Artigo Revisado por pares

Roamers and Stayers: A Model on Male Mating Tactics and Mating Systems

1992; University of Chicago Press; Volume: 139; Issue: 1 Linguagem: Inglês

10.1086/285319

ISSN

1537-5323

Autores

Mikael Sandell, Olof Liberg,

Tópico(s)

Evolutionary Game Theory and Cooperation

Resumo

We analyzed a system with solitary, stationary, and randomly distributed females, no paternal care, and no female choice. On the basis of the assumption of two male mating tactics, staying and roaming, we developed an evolutionarily stable strategy (ESS) model that gives quantitative predictions about mating systems.
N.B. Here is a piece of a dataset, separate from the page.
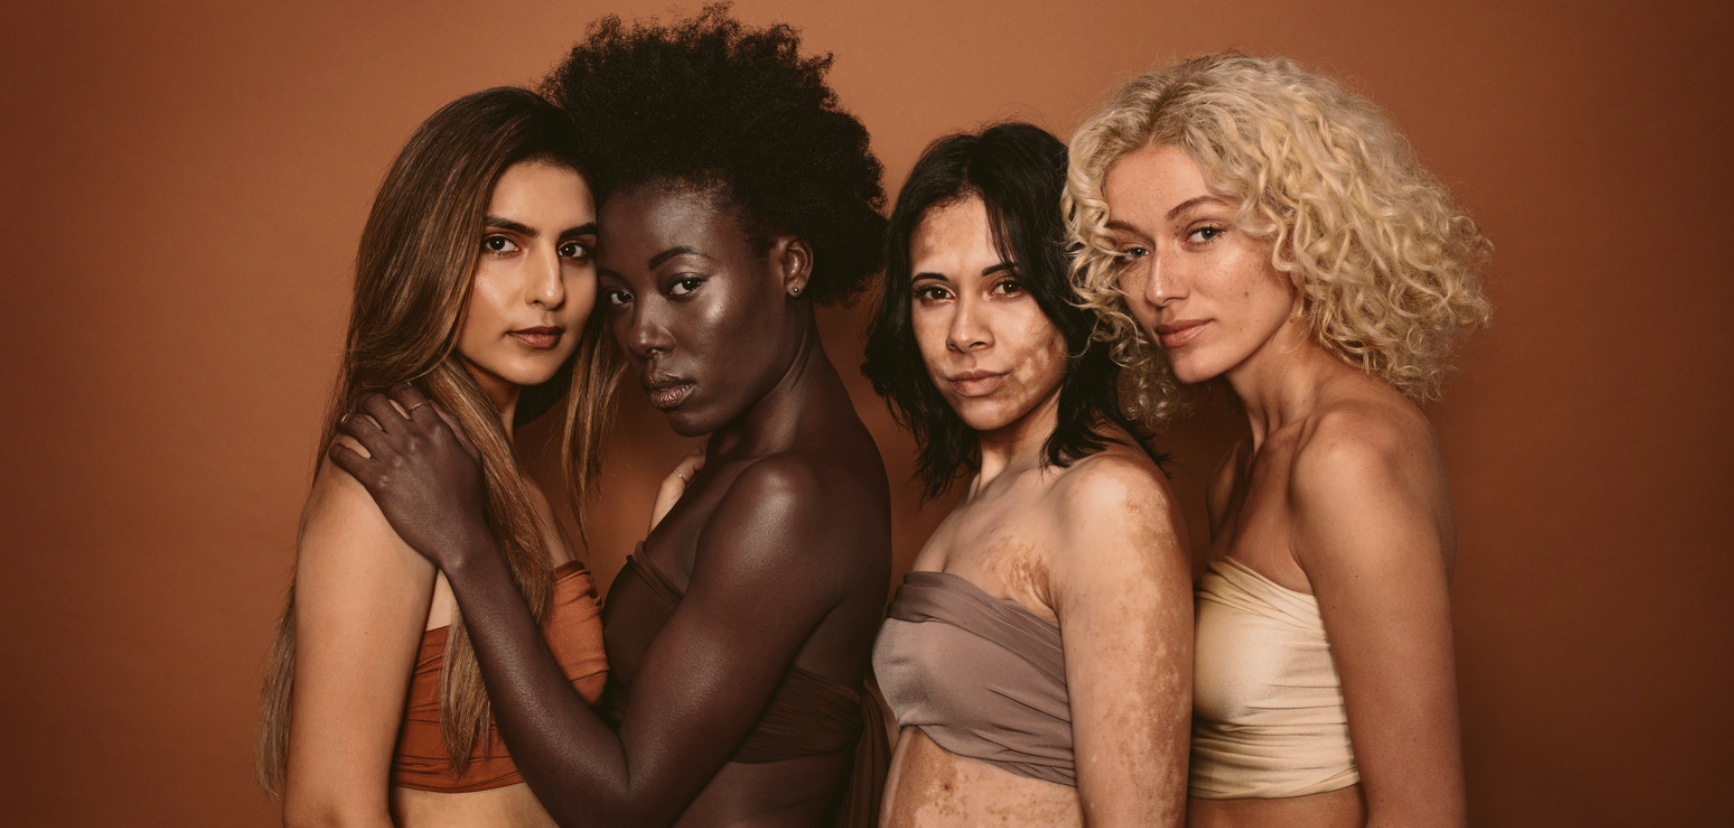 brazilian butt lift (4 beautiful diverse women of color)

The variables included were male mate-searching efficiency (E), maximal number of females a stayer can include within his range (Fmax), length of mating season (D), length of the individual female's estrous period (O), population sex ratio (K), and the probability that a stayer defeats an intruder (V). The effects of these variables on the resulting mating system were analyzed. All variables except length of mating season influenced the system, where low E, high Fmax, high K, short O, and high V promoted the staying tactic, thereby promoting either monogamy, female-defense polygyny, or resource-defense polygyny. By contrast, the opposite favored the roaming tactic, thereby promoting scramble-competition polygyny. The application of the model to two field studies showed that all variables can be measured in the field and that the quantitative predictions are thereby open to direct tests. The resulting mating system cannot be predicted from any single factor alone; the result of any one factor can be influenced by other factors. Thus, the explanation and prediction of animal mating systems must rely on multifactorial models.